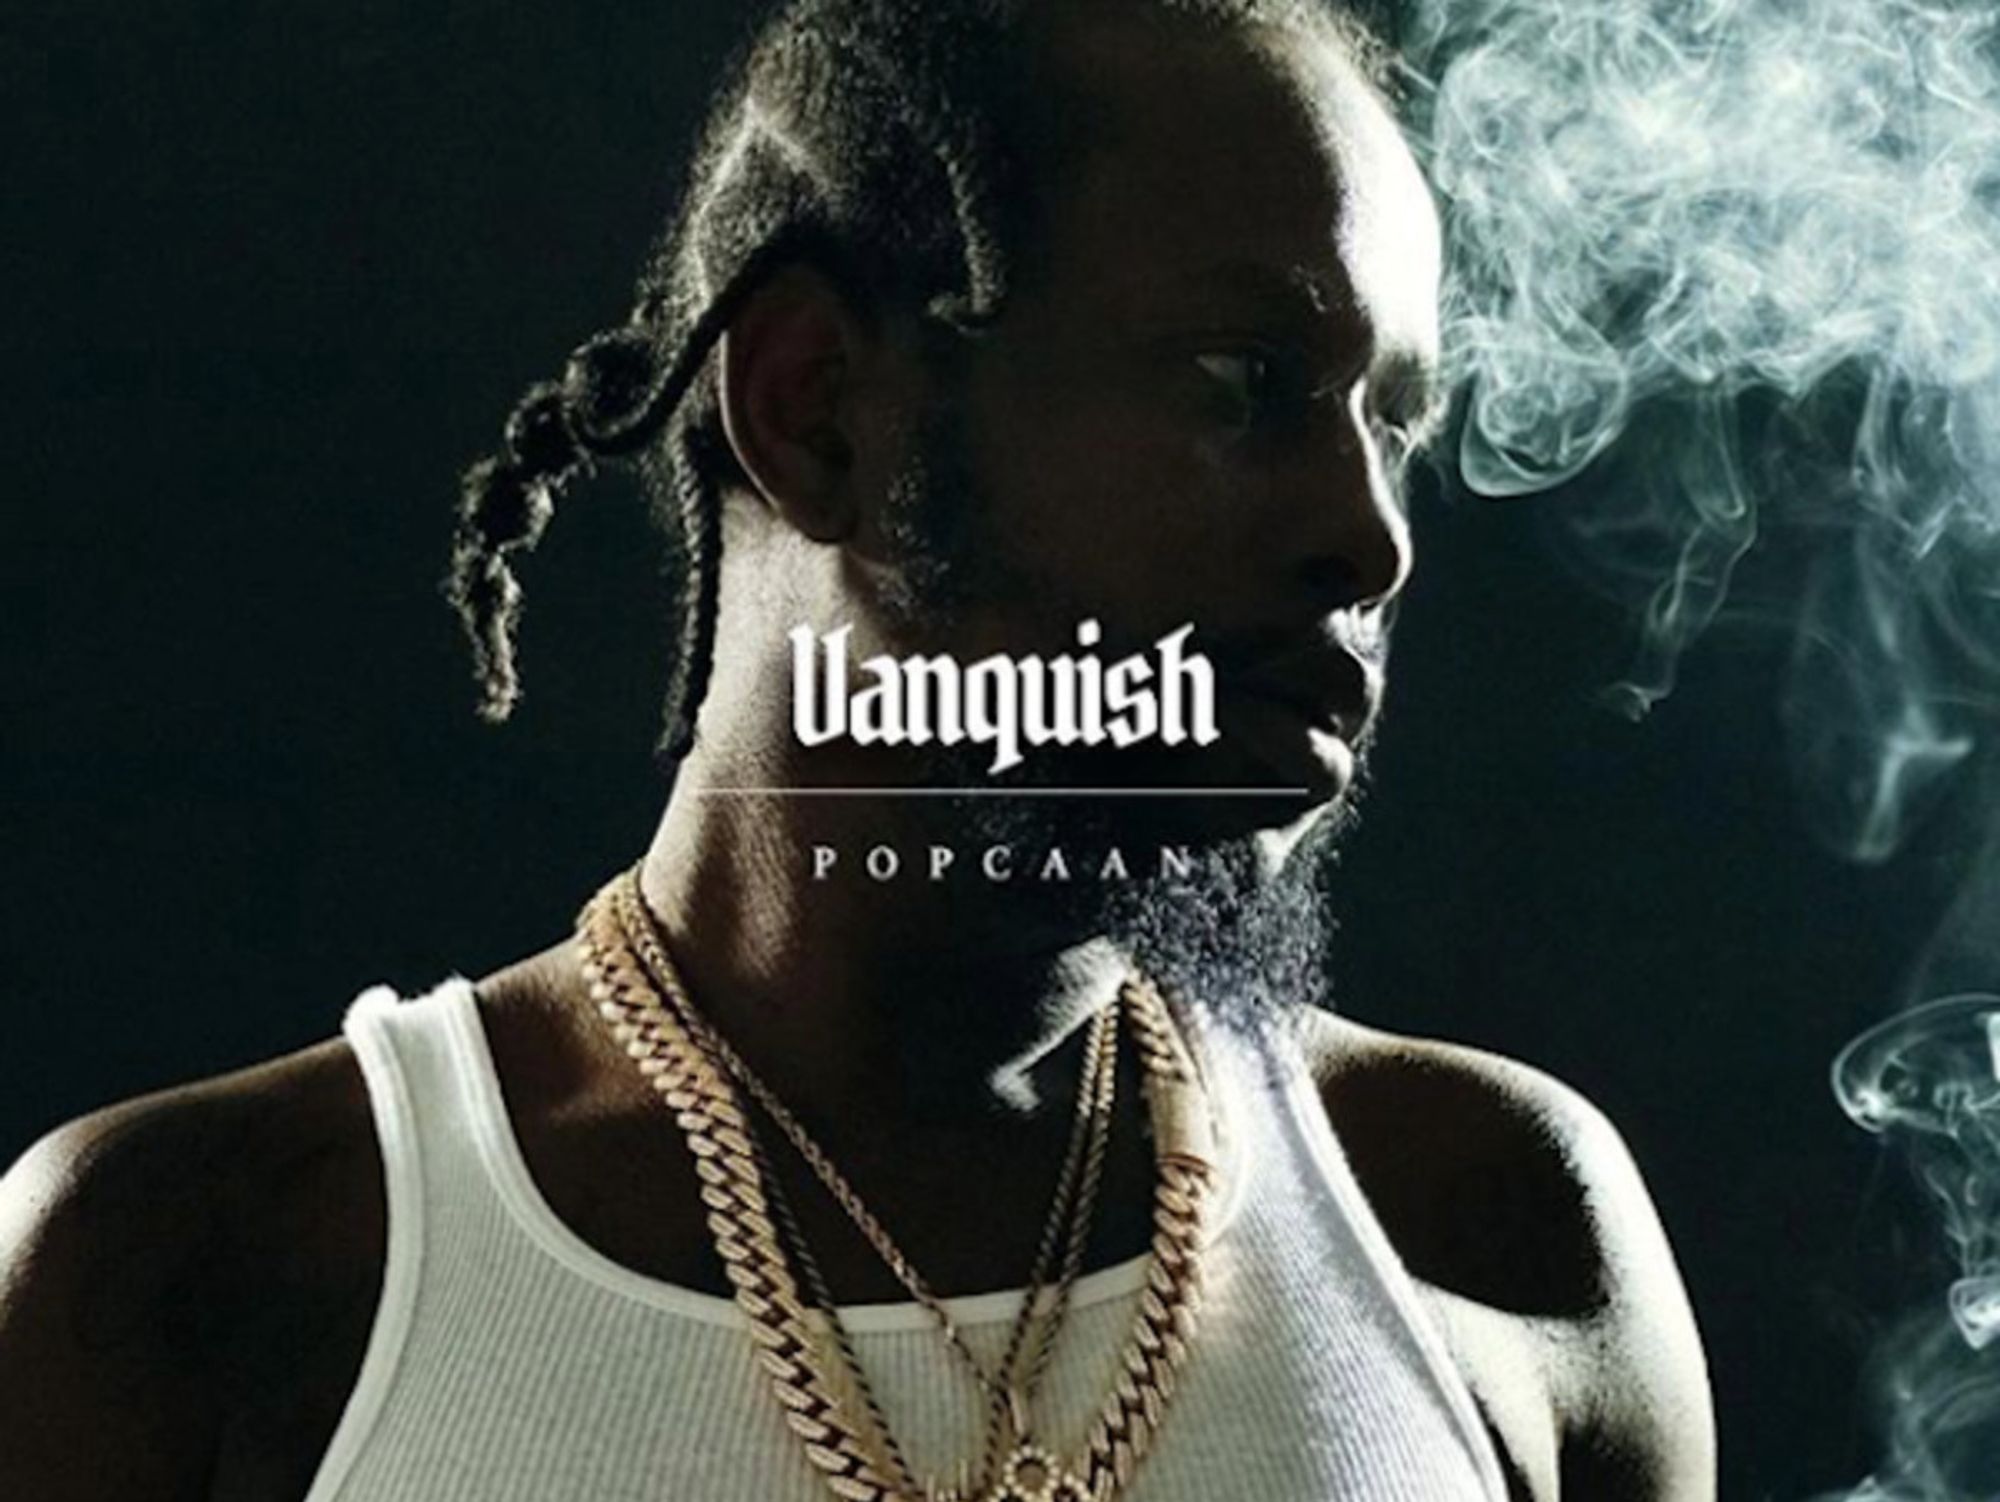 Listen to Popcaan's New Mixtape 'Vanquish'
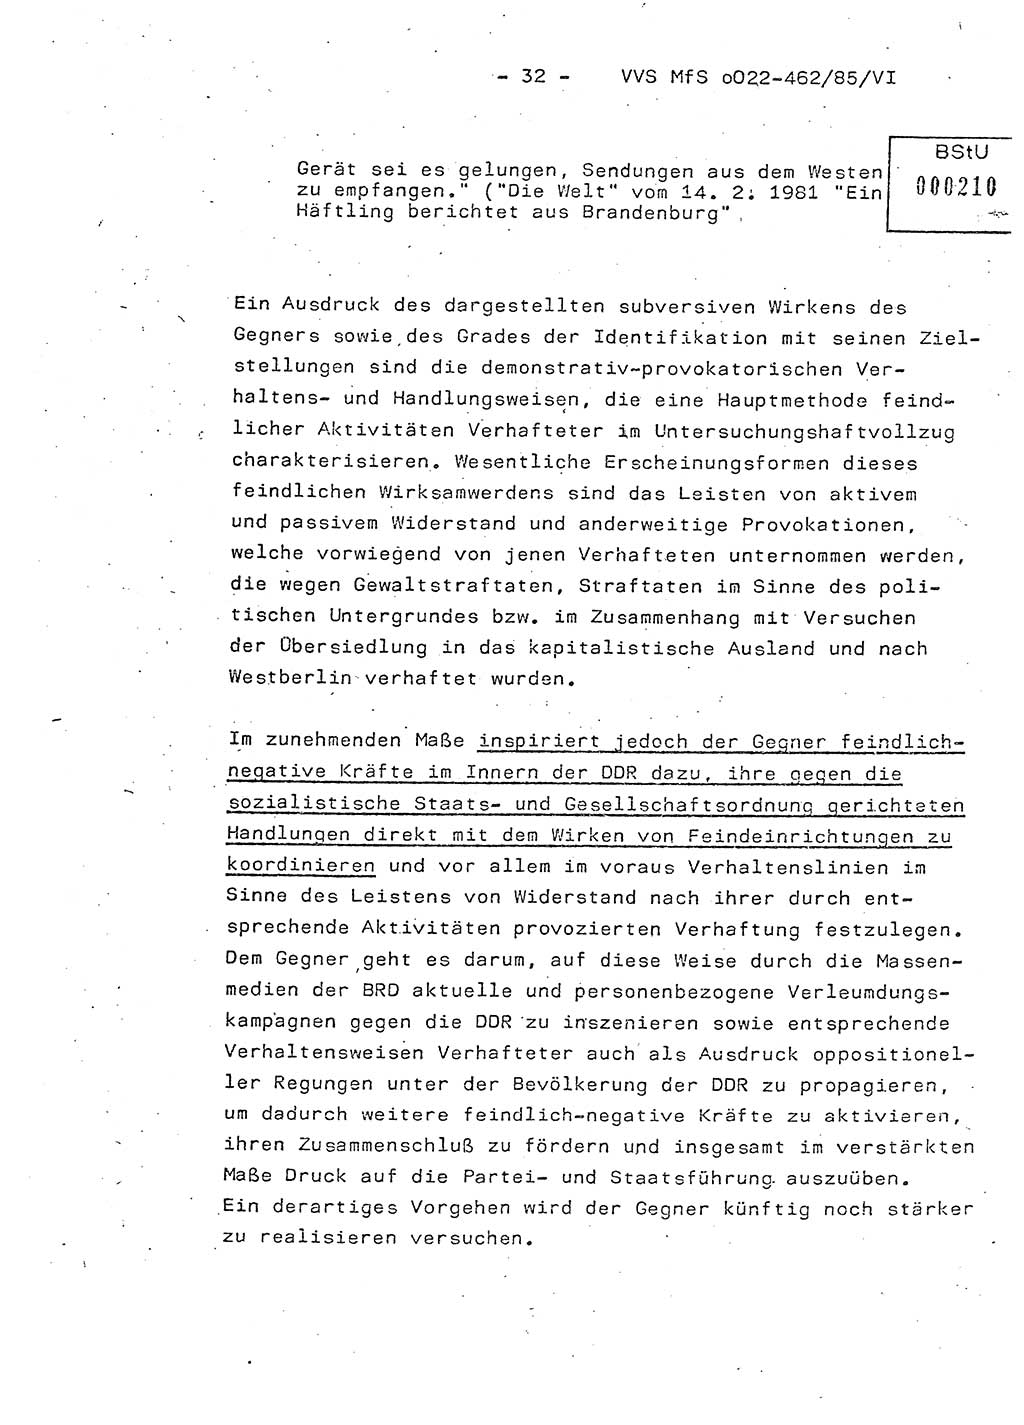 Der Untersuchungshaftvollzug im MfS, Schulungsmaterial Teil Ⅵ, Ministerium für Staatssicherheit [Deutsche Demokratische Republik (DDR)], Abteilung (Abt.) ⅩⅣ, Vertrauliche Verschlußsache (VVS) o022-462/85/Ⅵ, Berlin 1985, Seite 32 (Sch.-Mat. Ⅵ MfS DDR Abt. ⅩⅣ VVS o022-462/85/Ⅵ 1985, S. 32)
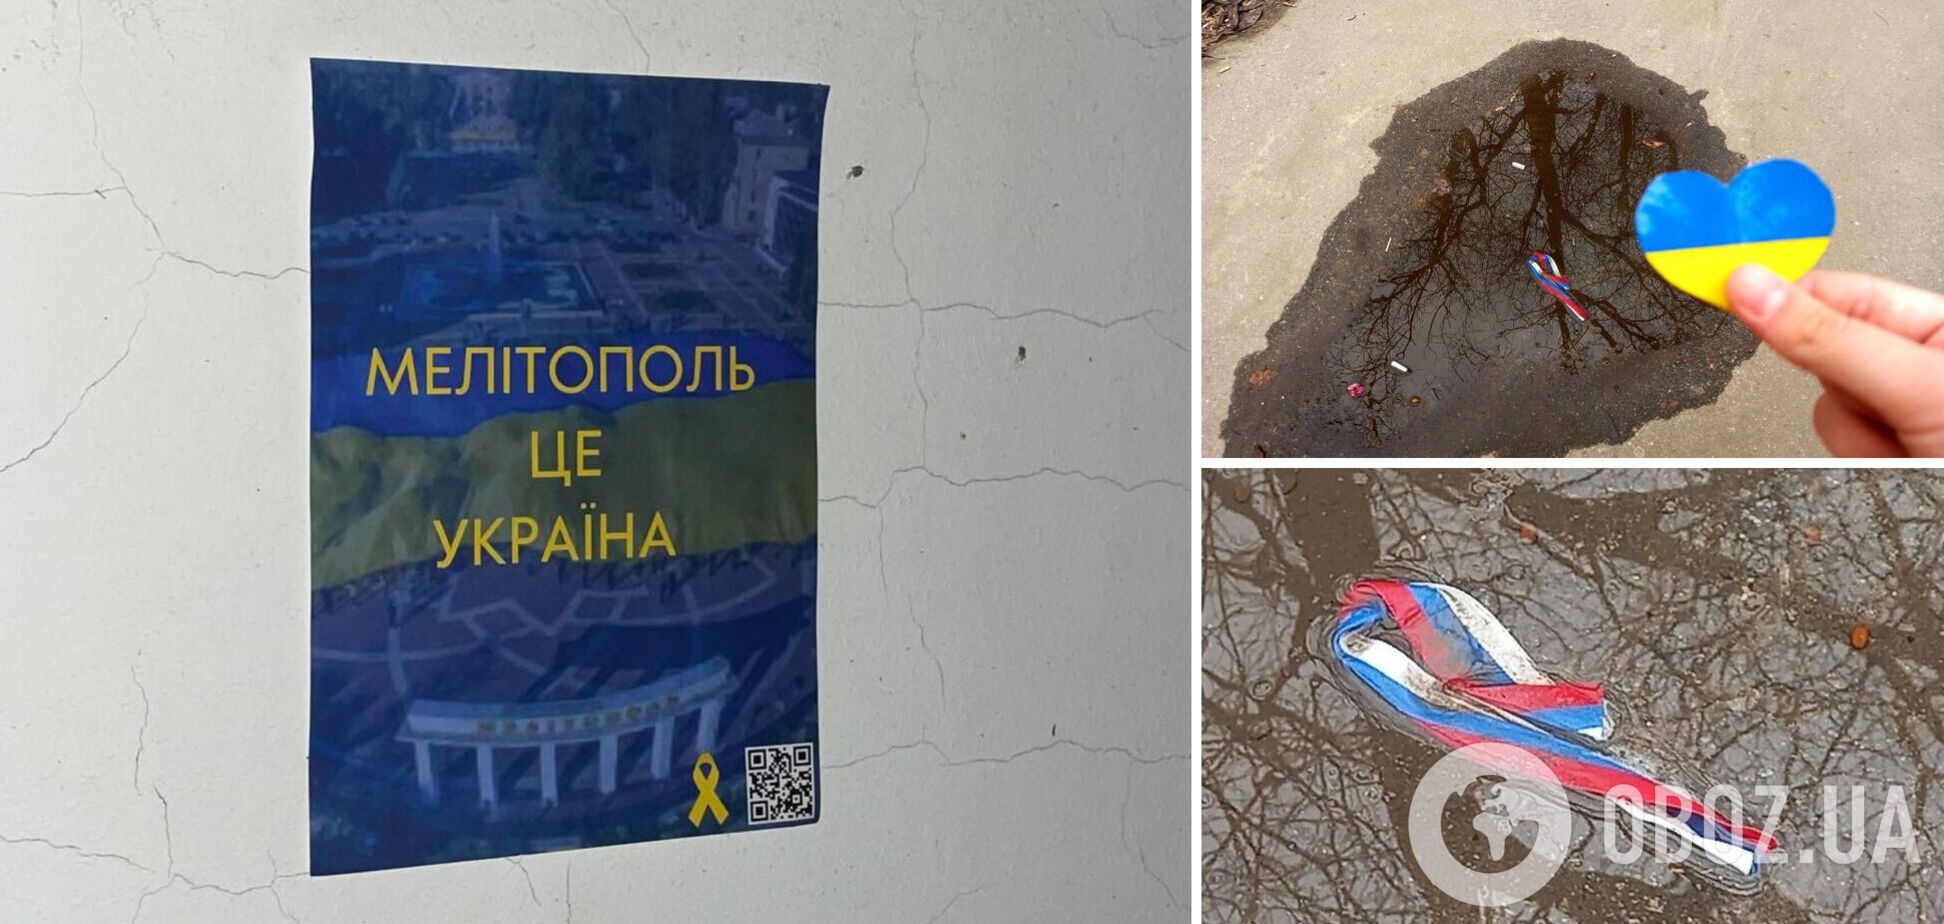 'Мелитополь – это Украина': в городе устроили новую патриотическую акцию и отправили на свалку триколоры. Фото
:::::
Output all of the listing above, exactly as given, but without its pictures.

 Listen to Popcaan's New Mixtape 'Vanquish'
 Der Untersuchungshaftvollzug im MfS, Schulungsmaterial Teil Ⅵ, Ministerium für Staatssicherheit [Deutsche Demokratische Republik (DDR)], Abteilung (Abt.) ⅩⅣ, Vertrauliche Verschlußsache (VVS) o022-462/85/Ⅵ, Berlin 1985, Seite 32 (Sch.-Mat. Ⅵ MfS DDR Abt. ⅩⅣ VVS o022-462/85/Ⅵ 1985, S. 32)
 'Мелитополь – это Украина': в городе устроили новую патриотическую акцию и отправили на свалку триколоры. Фото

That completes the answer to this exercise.